Andrea: I started keeping a journal when I was around 8 years old. I remember having a small, light-turquoise, hardcover diary with a tiny cheap lock and flimsy key. Just enough to keep your little sister out, sorta. This was 1988, there weren’t any digital distractions like we have now, so books and writing were something that just transpired naturally for me to keep occupied. Then like it is now, my notebook was a place to pour my feelings, ideas, joys, and sorrows.
North: What tips would you give to those who’d like to start?
Andrea: Keeping a personal notebook really starts by building new habits of awareness and attention. We are so incredibly distracted by our phones, computers, and tablets nowadays, but like with anything, we need to take care of our relationships with what we use.
Andrea: While I do love technology and think it’s important and useful, without care, it can rob us of our most critical skills – listening, curiosity, attention, and wisdom-based dialogue. These are the skills that are really important when we are working with notebooks. I think if you want to start journaling, we have to engage deeper in these subtle skills. Curiosity is very useful.
Andrea: My top tips are:
- Have a notebook and pen that you really love and want to use and pick up every day. Try your hand at fountain pens – they give a rich and connected experience with writing. Have tools that are meaningful and that you build a lasting relationship with.

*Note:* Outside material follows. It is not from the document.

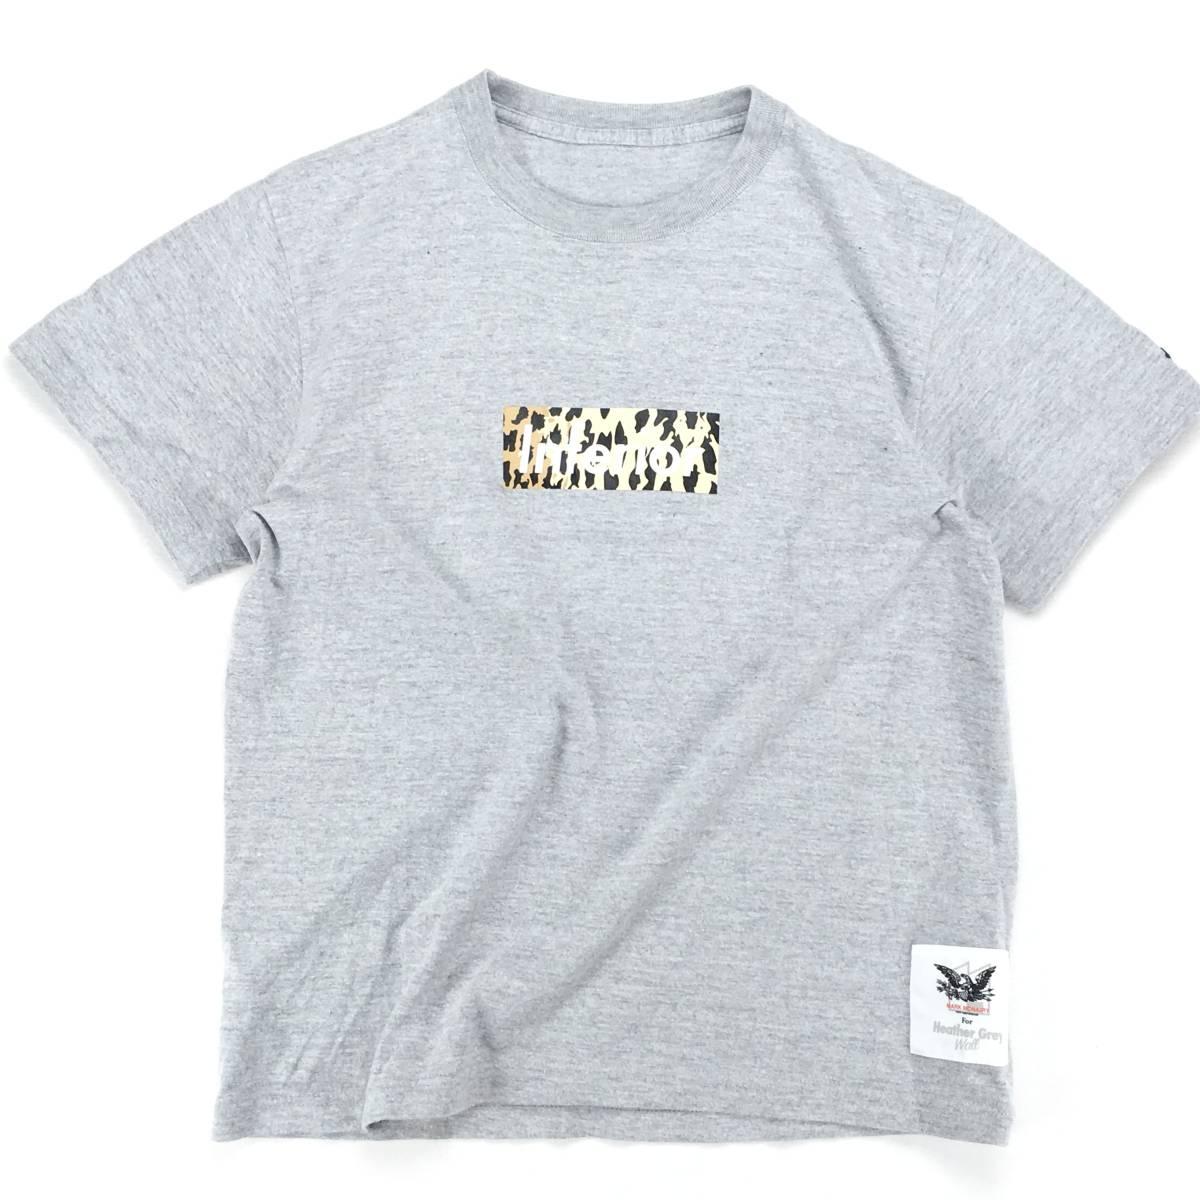 希少!【MARK MCNAIRY マークマクナイリー】BOXロゴ「Inferior」半袖Tシャツ S ライトグレー 日本製_画像1
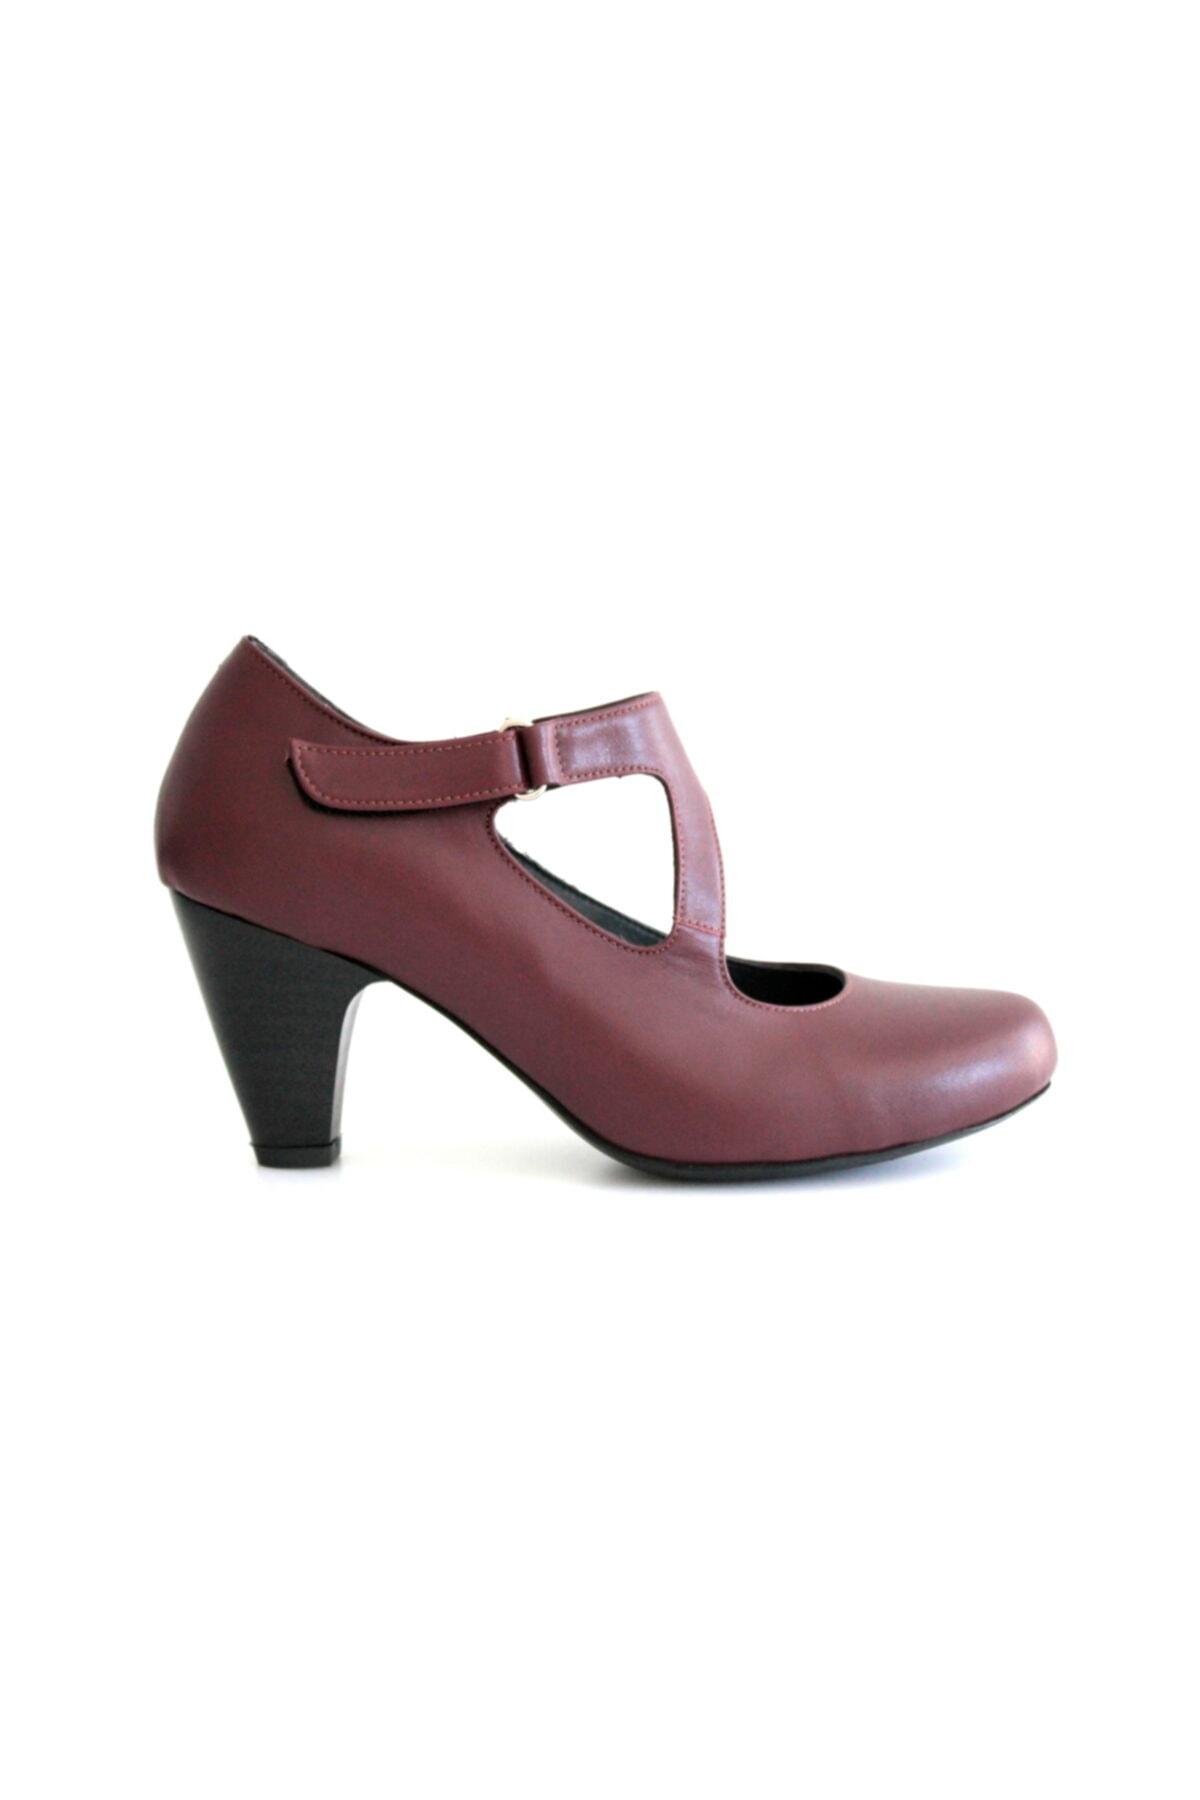 Beta Shoes Kadın Hakiki Deri Topuklu Ayakkabı Bordo 2

- Be consistent and most importantly be observant! Pay attention to the world around you in a different way. Develop a new kind of curiosity. This takes time and patience, especially with our current digital habits.
- Don’t judge what you write! There are no rules for journaling. You could write a word a day or four pages a day. You could doodle your thoughts, collage your feelings, or write what you ate each day. Everything you put into your notebook is worthy.
North: Are there any authors or artists that inspire you?
Andrea: I’m very fond of the life and art of Georgia O’Keeffe. She was an incredible woman and artist that was so richly connected and committed to her craft and her surroundings. Her attentiveness towards her environment and work is pure wonder.
North: How would you describe your studio?
Andrea: We recently moved to downtown Seattle, WA, and now live in a 628 square foot apartment – two people and two dogs. Our space is very limited and my studio is a slot by the window where my small desk resides. Since I have little space, I keep my supplies minimal, meaningful, and useful.
North: How would you describe your notebook? What do you write about and draw?
Andrea: I have been using the same Traveler’s Company brand Traveler’s Notebook for the last ten years. It’s a customisable notebook that is based on an elastic band system within the cover that can hold multiple notebook inserts at once. I usually have one to four notebook inserts within my Traveler’s Notebook at one time that I use for a variety of reasons – from art, projects, planning, and daily journaling.
Andrea: With journaling, anything goes. Everything and anything is content. Other than adding the date, time, and location in my entries – I have no rules. I write often about thoughts, feelings, emotions, ideas, memories, what I ate, the weather, art, and collages. It’s all there mixed, random, and beautiful.
North: What kind of tools do you use?
Andrea: I love physical forms of analogue from film cameras, typewriters, dip pens, and fountain pens and inks. I love the tactile experience of these methods of capturing and documenting the world around me. There’s so much to explore and study when we return to these forms of communicating.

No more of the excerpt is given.